Она буквально вытолкала меня из комнаты, откуда я, посмеиваясь над простотой этой милой женщины, спешно двинулась к назначенному месту встречи.
Дело омрачилось тем, что я не знала, где в этом огромном доме находился кабинет покойного мужа Марлен. Радовало лишь то, что как хозяйка, я вполне имела право открывать все двери, а потому поспешила этим воспользоваться. Заодно, чтобы изучить расположение комнат в доме.
Решив начать с первого этажа, я принялась за дело. Сначала на глаза мне попались уютные гостевые комнаты с резной мебелью и такими же ажурными шторами на окнах, как и везде. Мне очень хотелось задержаться в каждой из них, но не для любования интерьерами.

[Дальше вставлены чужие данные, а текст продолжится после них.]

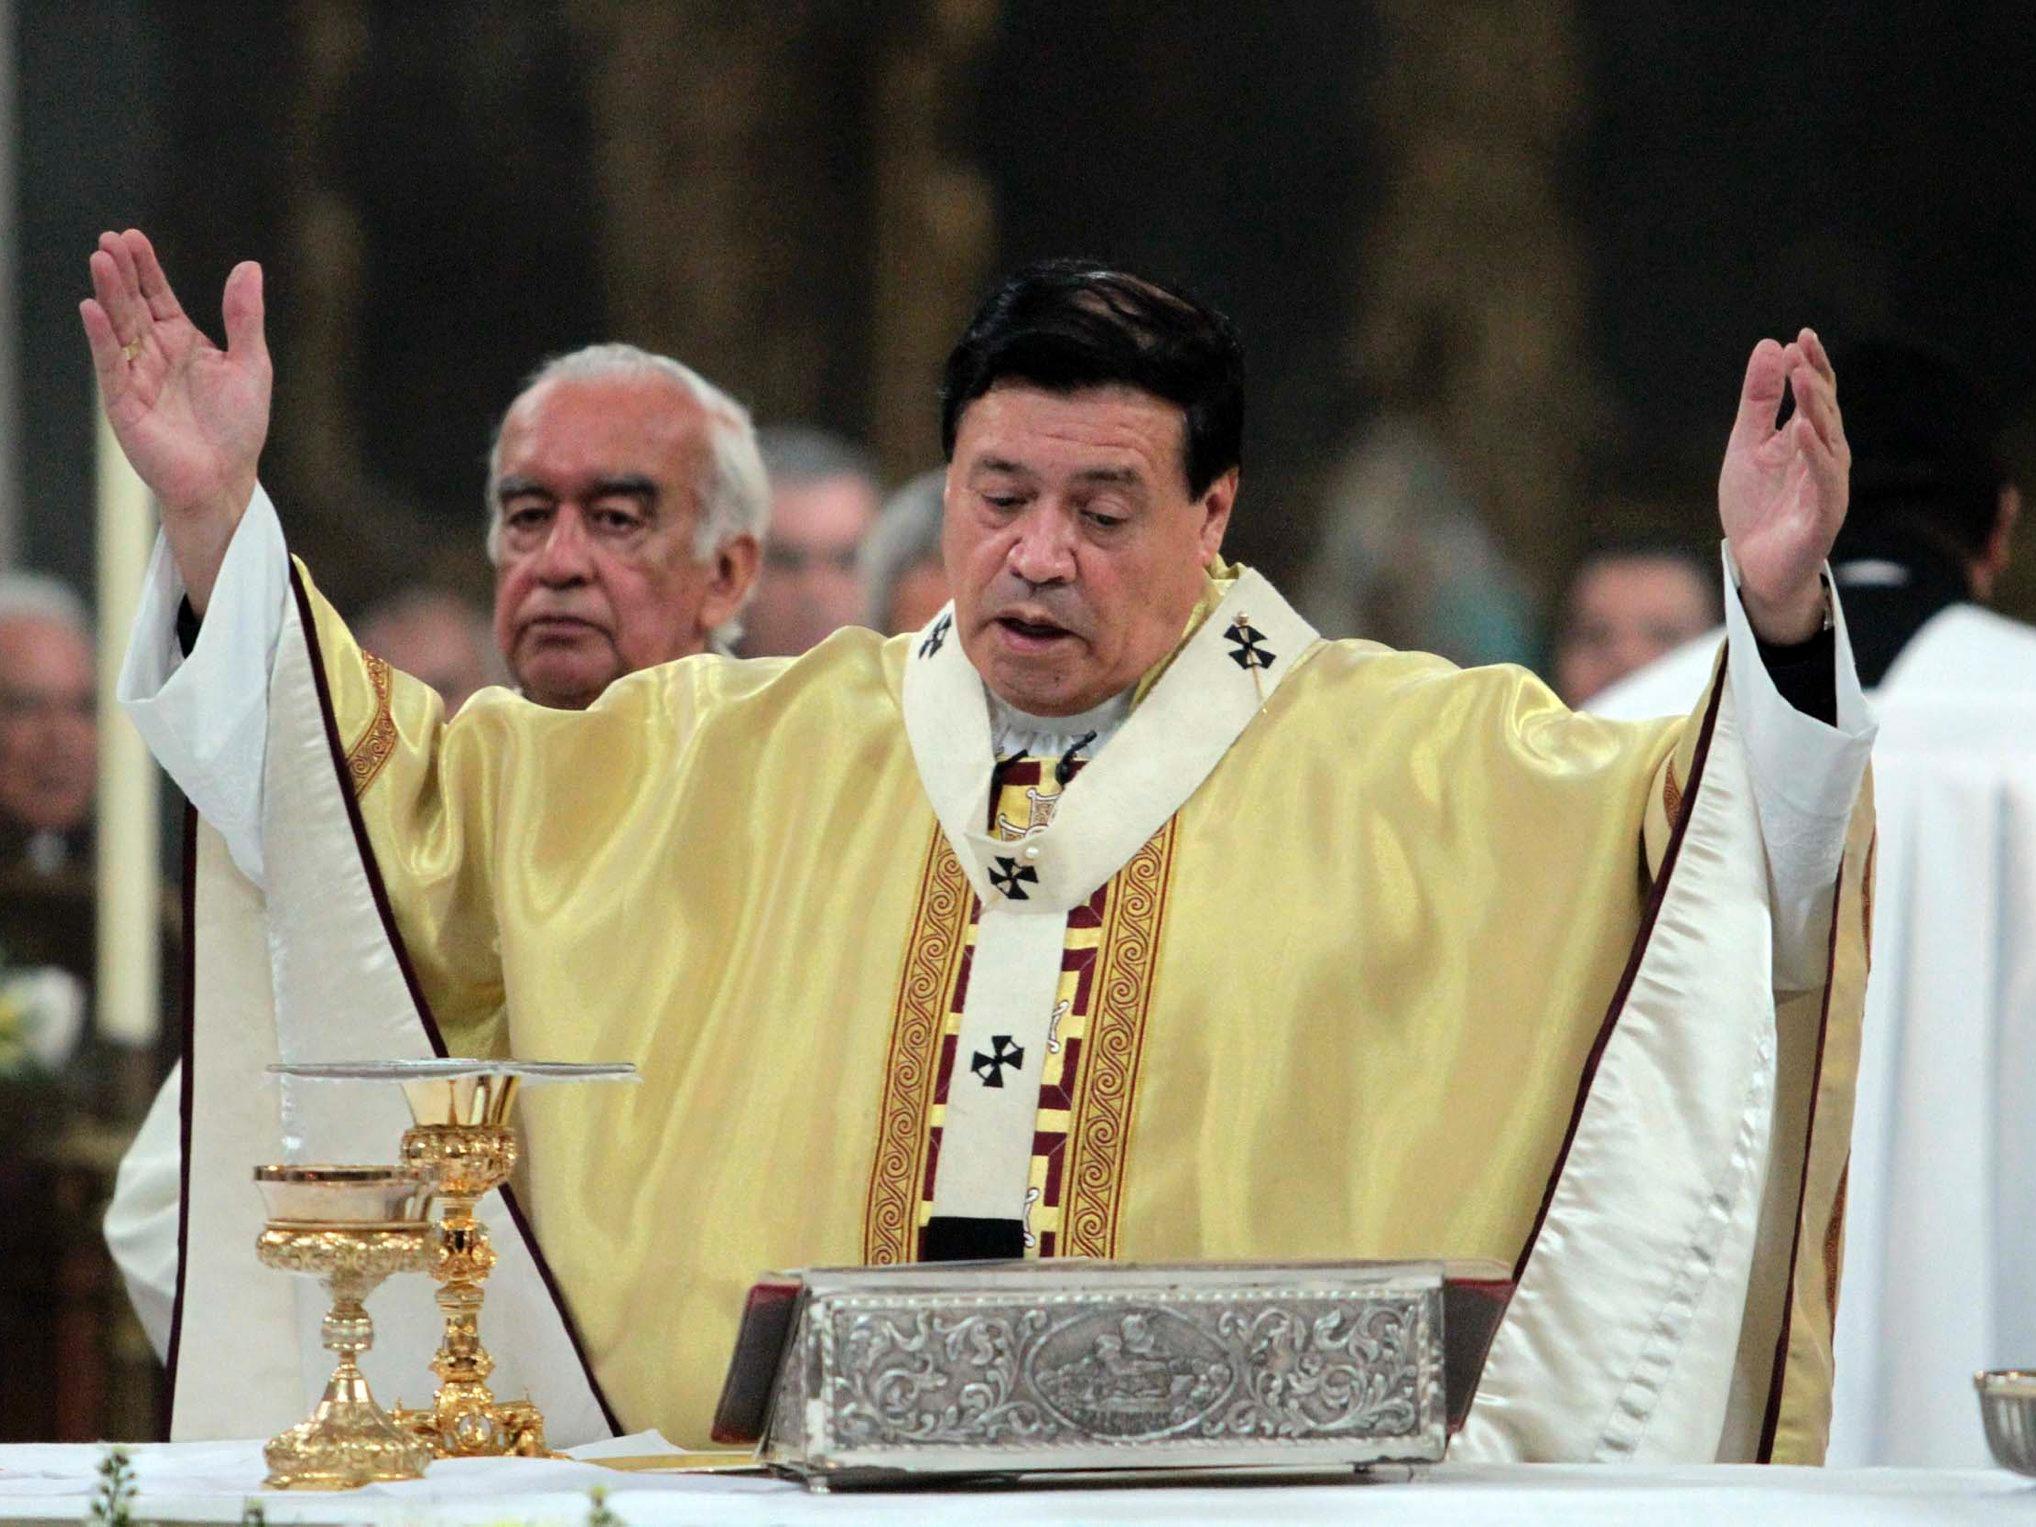 Cardenal Norberto Rivera celebra misa por la paz en Irak

На стенах здесь висели картины в золочёных рамах, и эти картины сразу привлекли моё внимание. То не были парадные портреты семейства, как в холле. Сцены из жизни горожан, зарисовки быта простых людей изредка разбавляли изображения прелестных юных дев, некоторые из которых были почти полностью обнажены.
На картинах имелась замысловатая подпись в нижнем правом углу, что подтверждало догадку: все эти произведения принадлежали кисти одного художника.
Последняя из дверей открывала вход в довольно вместительную библиотеку, набитую под потолок книгами в кожаных переплётах. И решив для себя наведываться сюда на регулярной основе, я отправилась изучать наполнение второго этажа.
Первая дверь оказалась заперта, тогда как следующая легко поддалась. За ней имелся широкий стол, покрытый суконной материей, а на нём — кованый канделябр для трёх свечей, беспорядочно разбросанные оттиски печатей, стопка листков и чернильница с пером. Комната походила на кабинет, вот только Мартина в ней не было, а потому я решила подождать.
Обойдя помещение вдоль стен, я с интересом касалась шершавого камня плохо обработанных стен, выкрашенных в зелёный с тонким чёрным орнаментом.
Здесь даже камин имелся и небольшая лежанка, какие использовали художники, чтобы рисовать соблазнительных натурщиц.
Я вела руку, наслаждаясь приятным касанием холодного камня к коже. А когда нащупала странный бугорок под пальцами, остановилась. Рука невольно гладила выступ и то ли по зову интуиции, то ли случайно, палец надавил на него. Как только бугорок вжался в стену, эта самая стена провалилась вперёд, образуя нечто вроде дверного проёма, и стала отъезжать в сторону.
Я с интересом наблюдала за странным представлением ровно до тех пор, пока моему взору не открылась спальня.
Спальня эта казалась самой обыкновенной на первый взгляд, но миновав проём, я вдруг замерла, остановленная какой-то тяжёлой и необъяснимой энергетикой.
Объяснение отыскалось позже, но сначала мрачная и непохожая на все остальные спальня с зашторенными окнами вызвала неприятное чувство давления в груди.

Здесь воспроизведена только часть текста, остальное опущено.